O transplante de medula óssea (TMO) pode ser utilizado em pacientes
selecionados, geralmente até os 17 anos de idade, dependendo da análise dos
seguintes fatores de risco:



aderência à quelação;
fibrose hepática;
hepatomegalia.
Definem-se assim pacientes com risco baixo: nenhum dos fatores de risco,
risco moderado, com um fator de risco e alto risco, com, no mínimo, dois
fatores de risco. O esquema de condicionamento mais utilizado é bussulfano
(BU) 14 mg/kg e ciclofosfamida 120, 160 ou 200 mg/kg. Os resultados com
doadores ou cordão aparentado são muito bons. Devem-se evitar transplantes
de cordão não-aparentados.
A mortalidade dos pacientes talassêmicos vem diminuindo com o passar
dos anos. Os principais fatores relacionados a esse fato são:




aderência à quelação de ferro com sistemas de infusão mais amigáveis;
advento de quelantes orais (exemplo: deferiprona);
RM com T2*;
registros de pacientes e referência destes aos centros de excelência.

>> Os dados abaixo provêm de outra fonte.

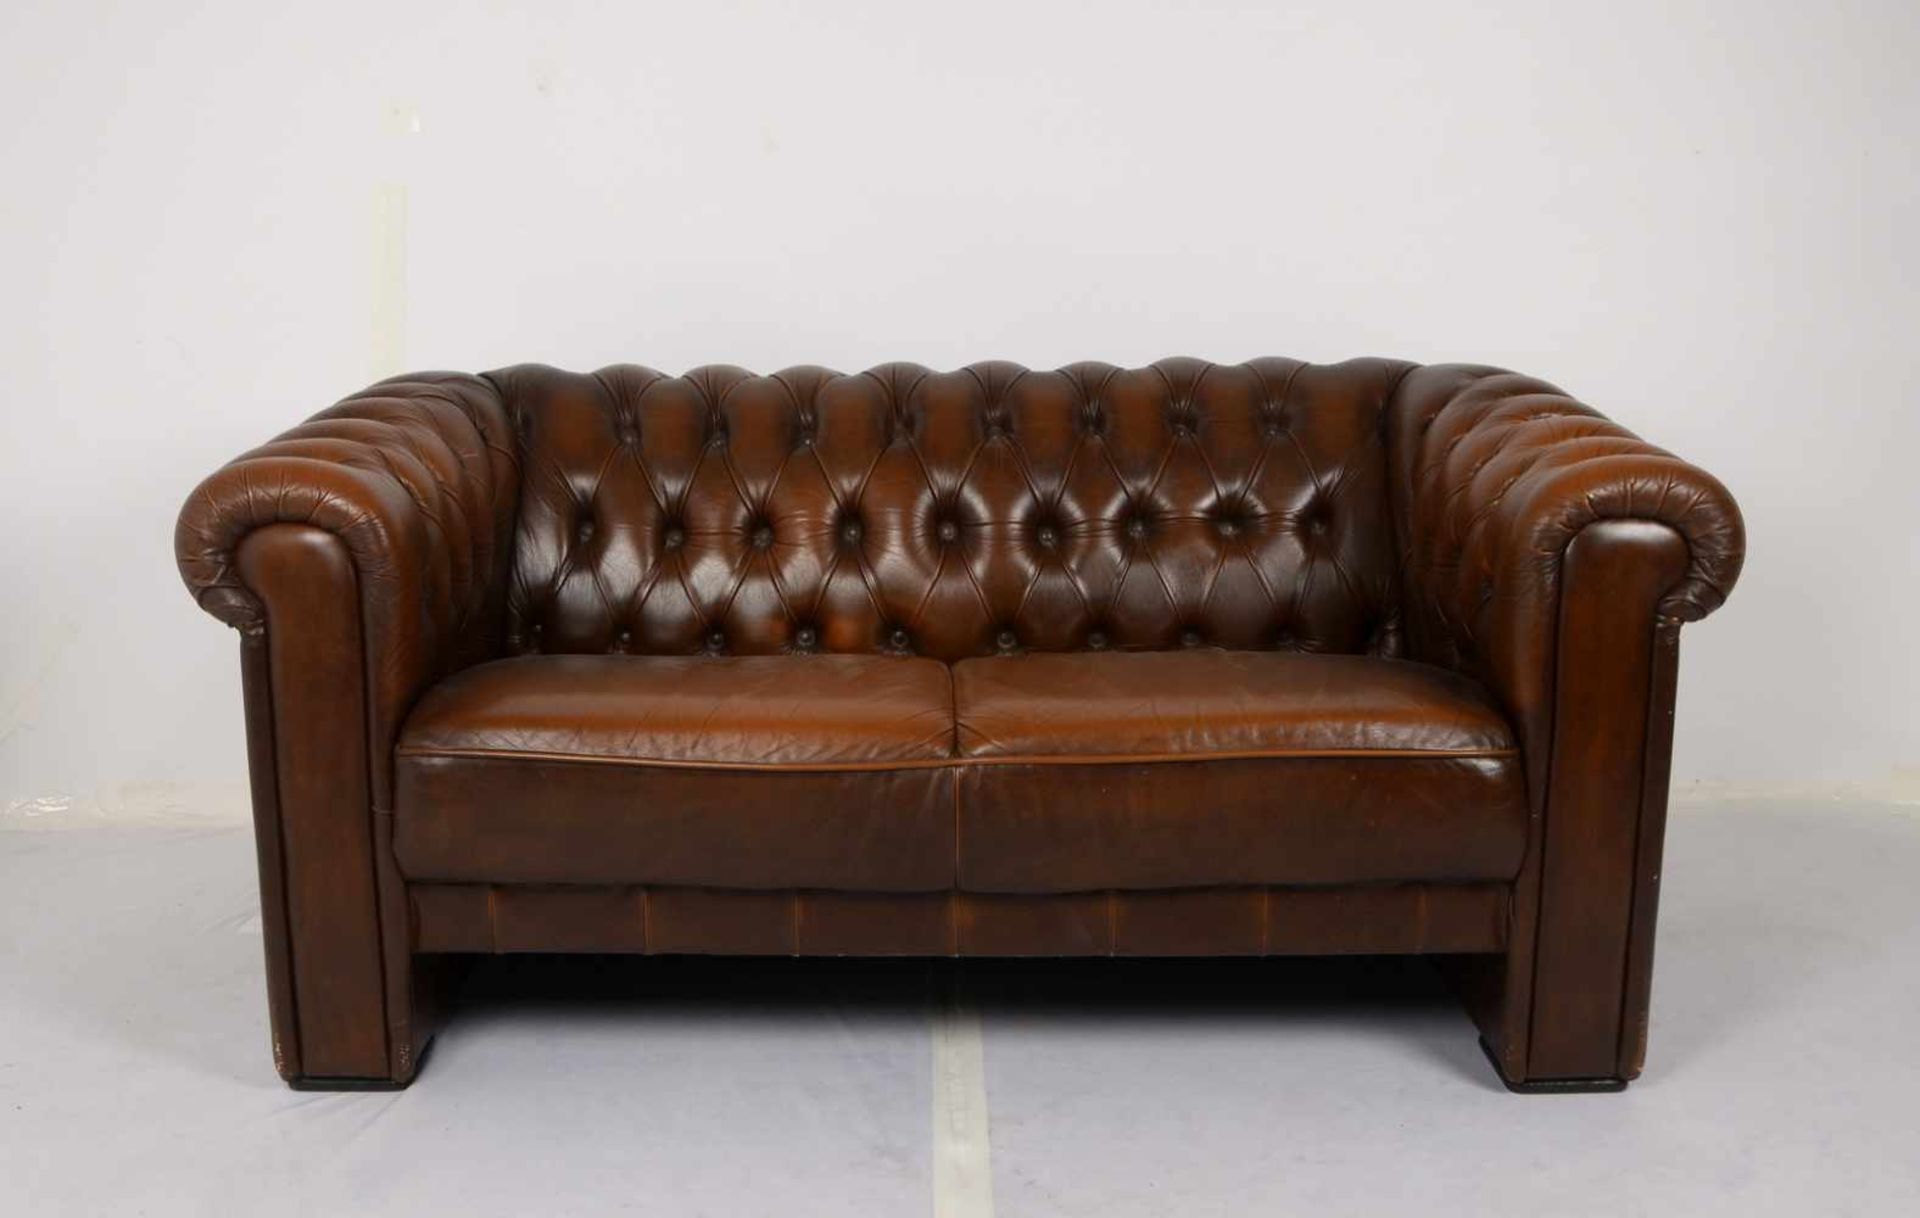 Chesterfield-Sofa/Zweisitzer, Polsterung aus braunem Leder/geknüpft, in gutem Erhaltungszustand;

São fatores de proteção o sexo feminino; o uso de terapia combinada
(desferroxamina+ deferiprona) e ter nascido após 1974.
ALFA-TALASSEMIA
É definida como uma baixa produção das cadeias-alfa da globina, levando a
um aumento das cadeias-gama no feto e no recém nascido e das cadeias-beta
em crianças e adultos.
Existem quatro síndromes na alfa-talassemia:




a perda de 1 dos 4 genes da alfa-globina (alfa-talassemia mínima);
a perda de 2 dos 4 genes da alfa-globina (alfa-talassemia minor);
disfunção de 3 dos 4 genes da alfa-globina (doença da Hb H)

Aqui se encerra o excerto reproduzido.